→ **Action item**
Please return every line of the material verbatim and skip any images.

→ **Input data**
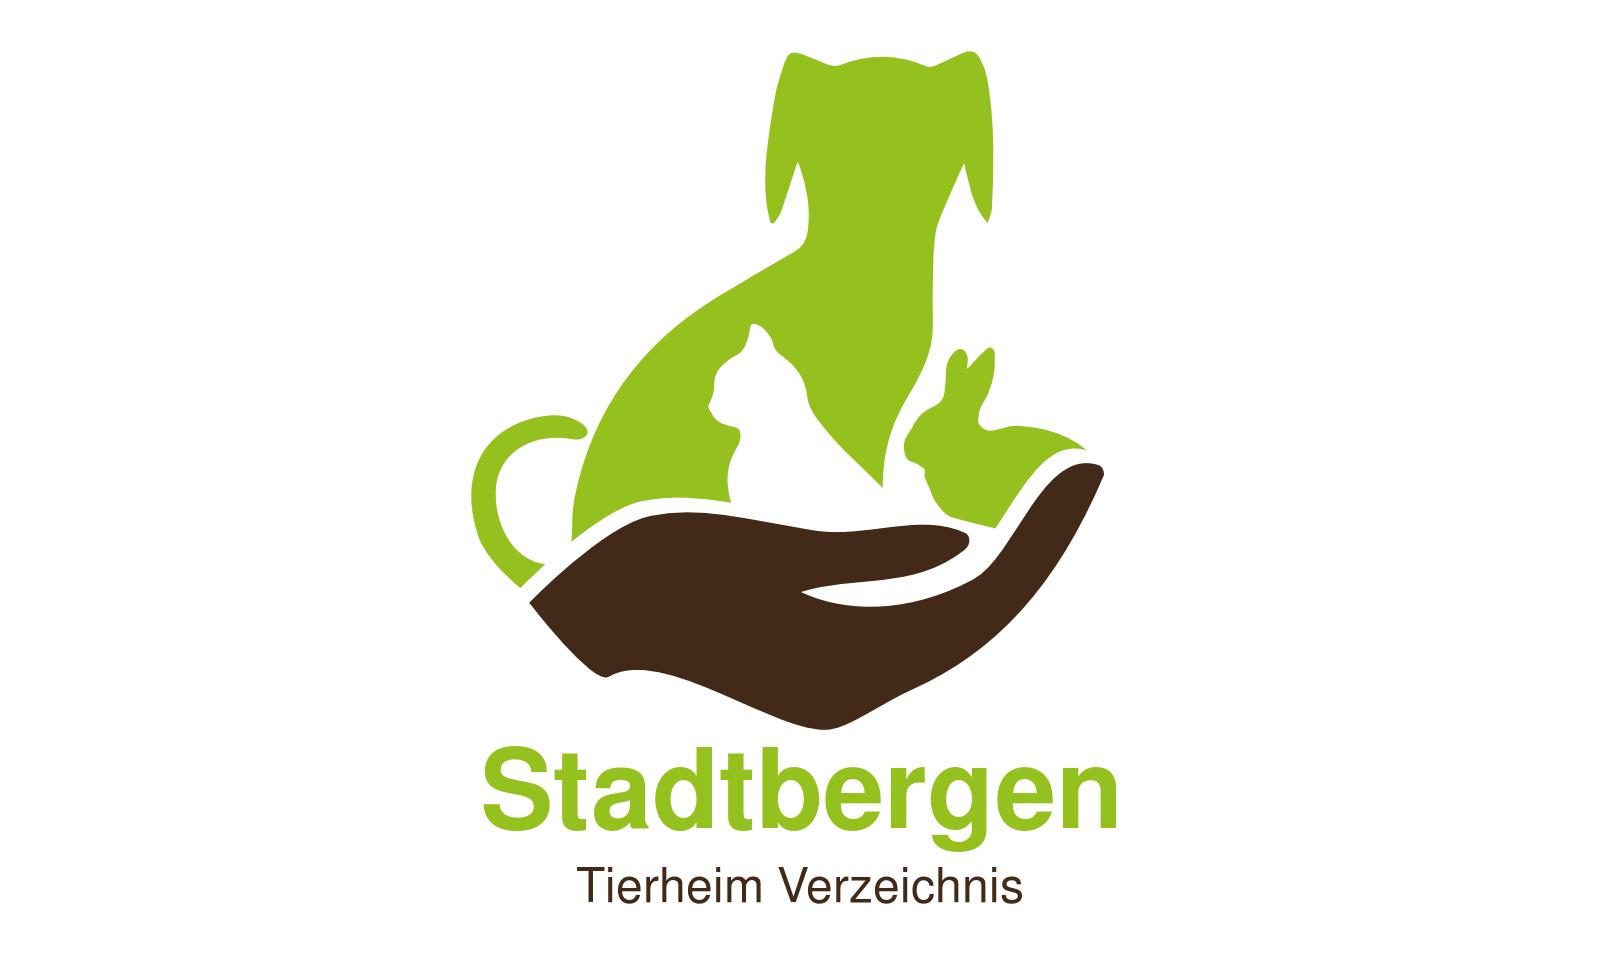 Tierheim Stadtbergen
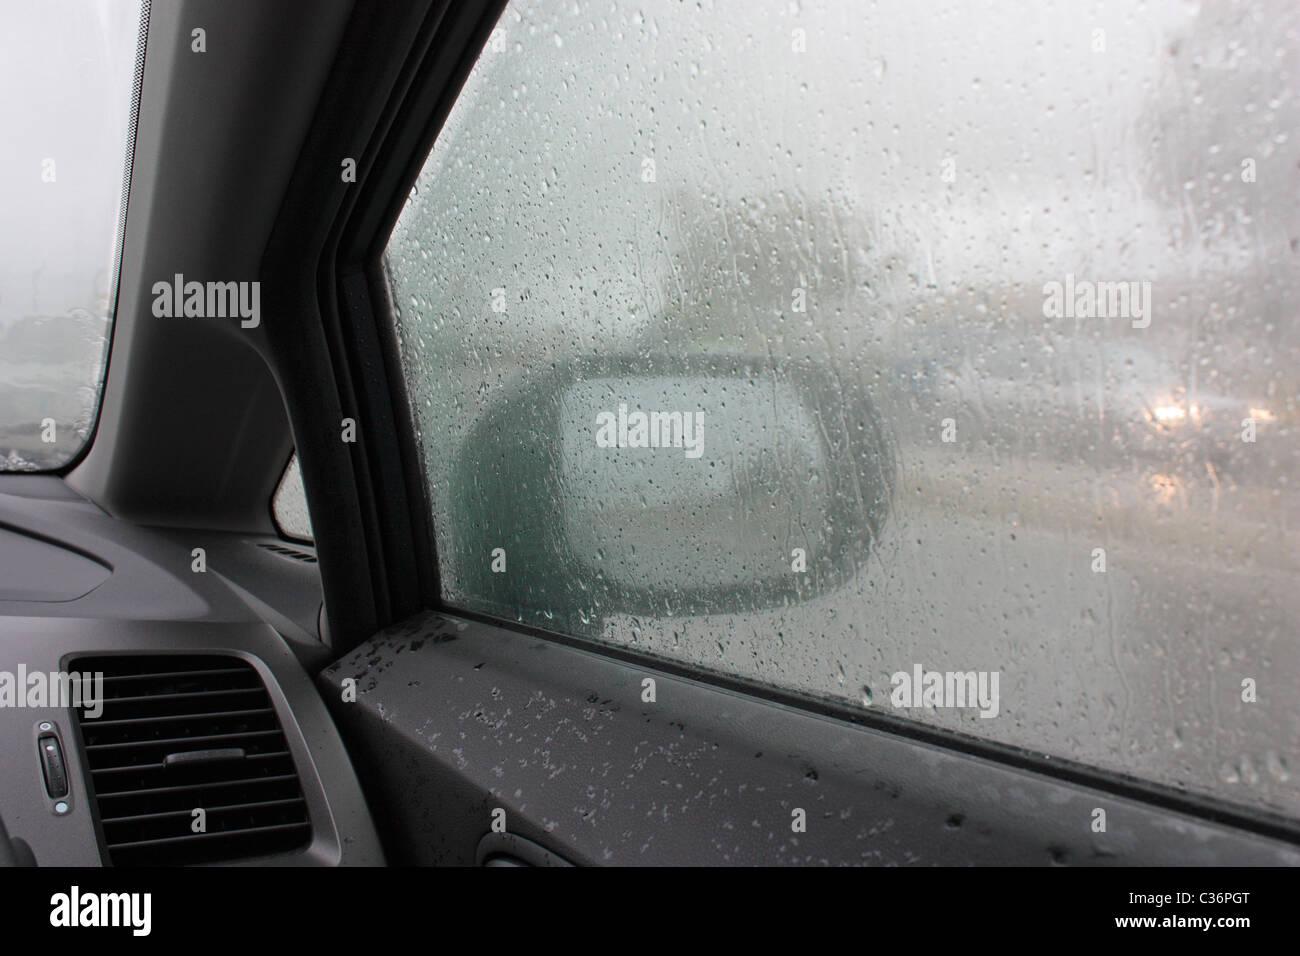 in-a-car-in-the-rain-C36PGT.jpg
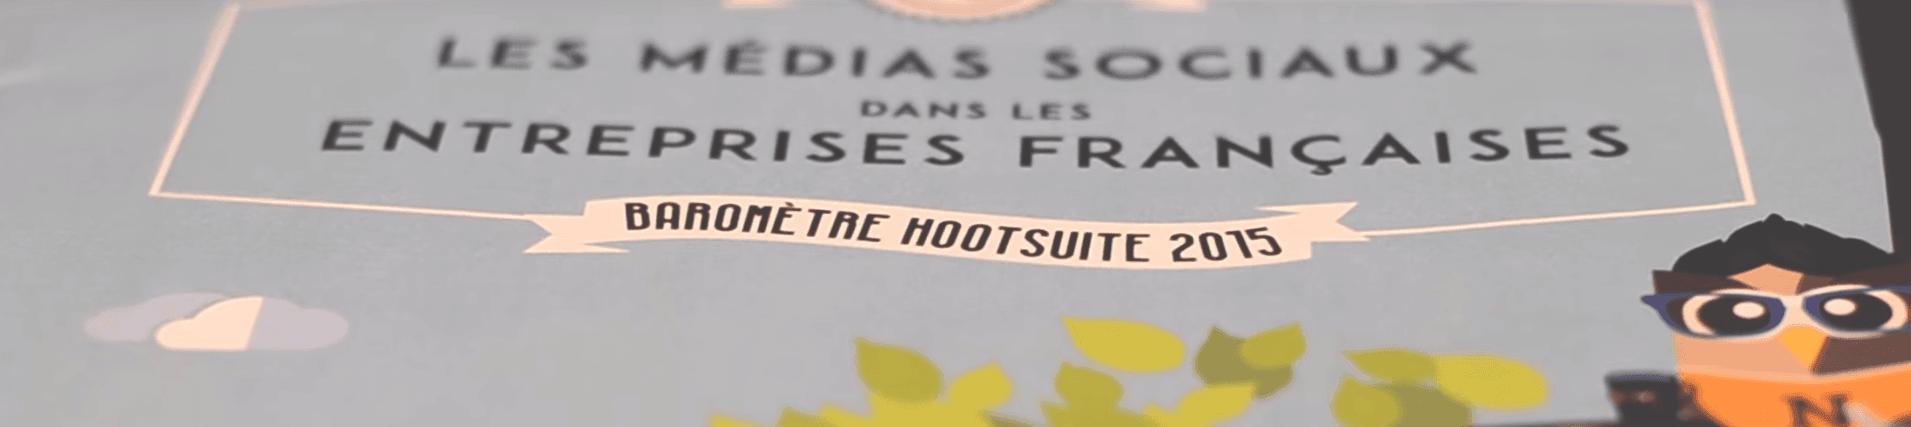 Livre blanc médias sociaux : 4 défis pour 2015

→ **Task answer**
 Tierheim Stadtbergen
 in-a-car-in-the-rain-C36PGT.jpg
 Livre blanc médias sociaux : 4 défis pour 2015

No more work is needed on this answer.